Minister of Defence of Somalia
- In office February 2009 – 12 November 2010
- Prime Minister: Omar Abdirashid Ali Sharmarke
- Preceded by: Nur Hassan Hussein
- Succeeded by: Abdihakim Mohamoud Haji-Faqi

Personal details
- Born: 1949 Somalia
- Died: 18 April 2021 (aged 71–72)
- Party: Transitional Federal Government

= Mohamed Abdi Mohamed =

Somali geologist, anthropologist, historian, and politician (1949–2021)

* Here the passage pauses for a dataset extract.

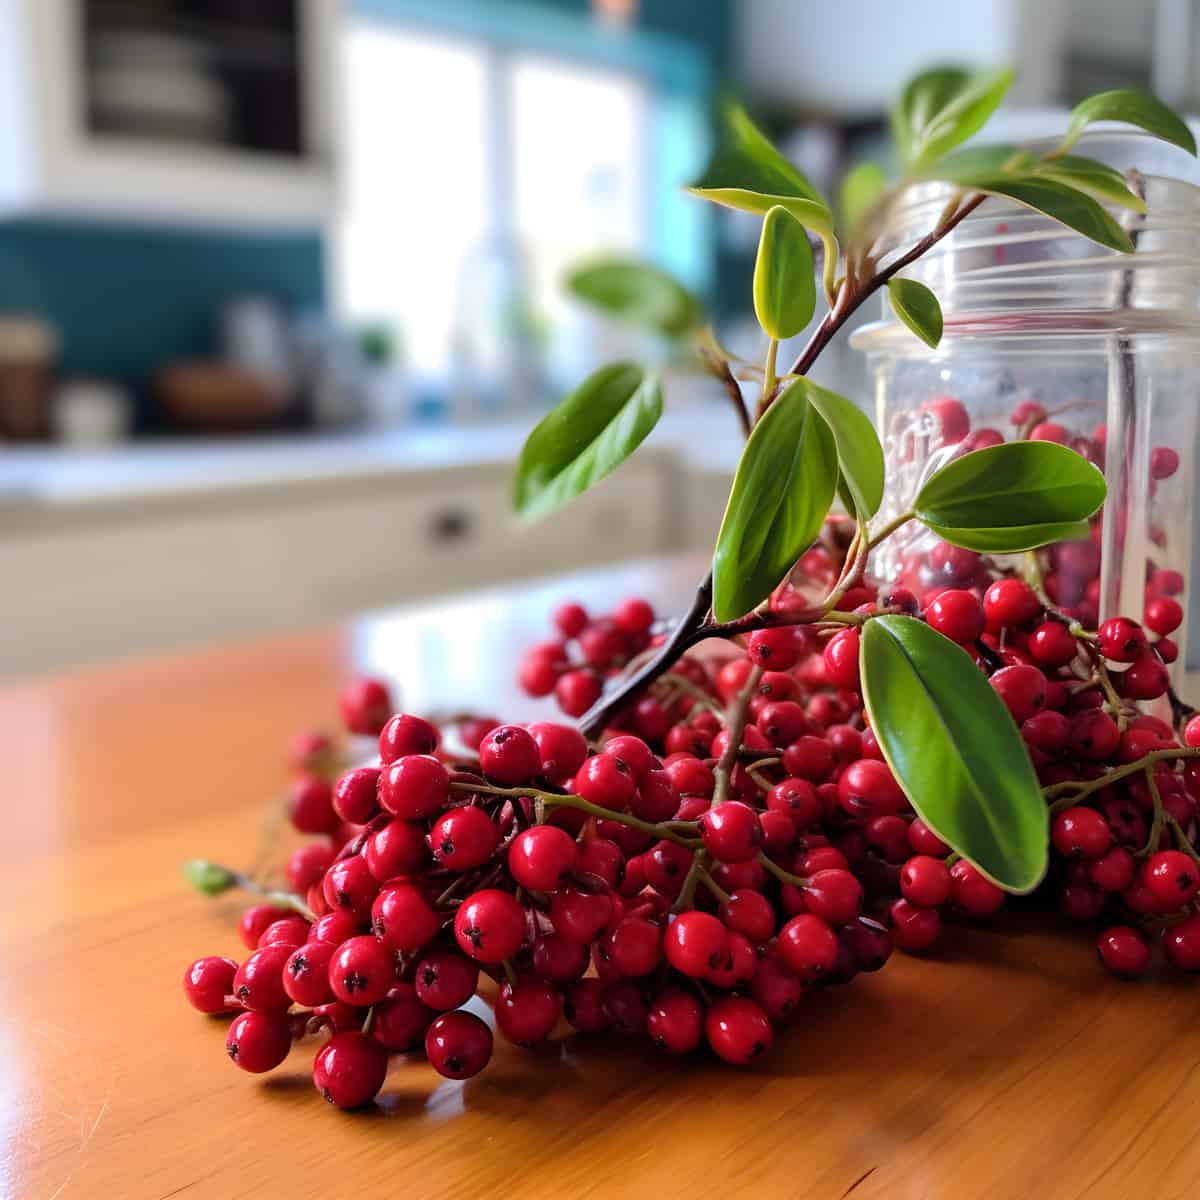 Smallleaved Myrtle Berry on a kitchen counter

Mohamed Abdi Mohamed (Gandhi) (Maxamed Cabdi Maxamed «Gaandi», محمد عبدي محمد; 1949 – 18 April 2021) was a Somali geologist, anthropologist, historian and politician. He was the former Minister of Defense of Somalia, and the former President of Azania (Jubbaland). In July 2014, Gandhi was appointed Somalia's Ambassador to Canada.

==Biography==
Professor Mohamed Abdi Xaji-Mohamed, nicknamed "Gandhi", was a candidate for Somali president 2021. He was a Somali politician, scholar, writer & double Ph.D., holder. He served as a Somali member of Parliament since 2009. Professor Gandhi previously served as a Defense Secretary and Minister of Air and Transportation in the Somali Transitional Federal Government.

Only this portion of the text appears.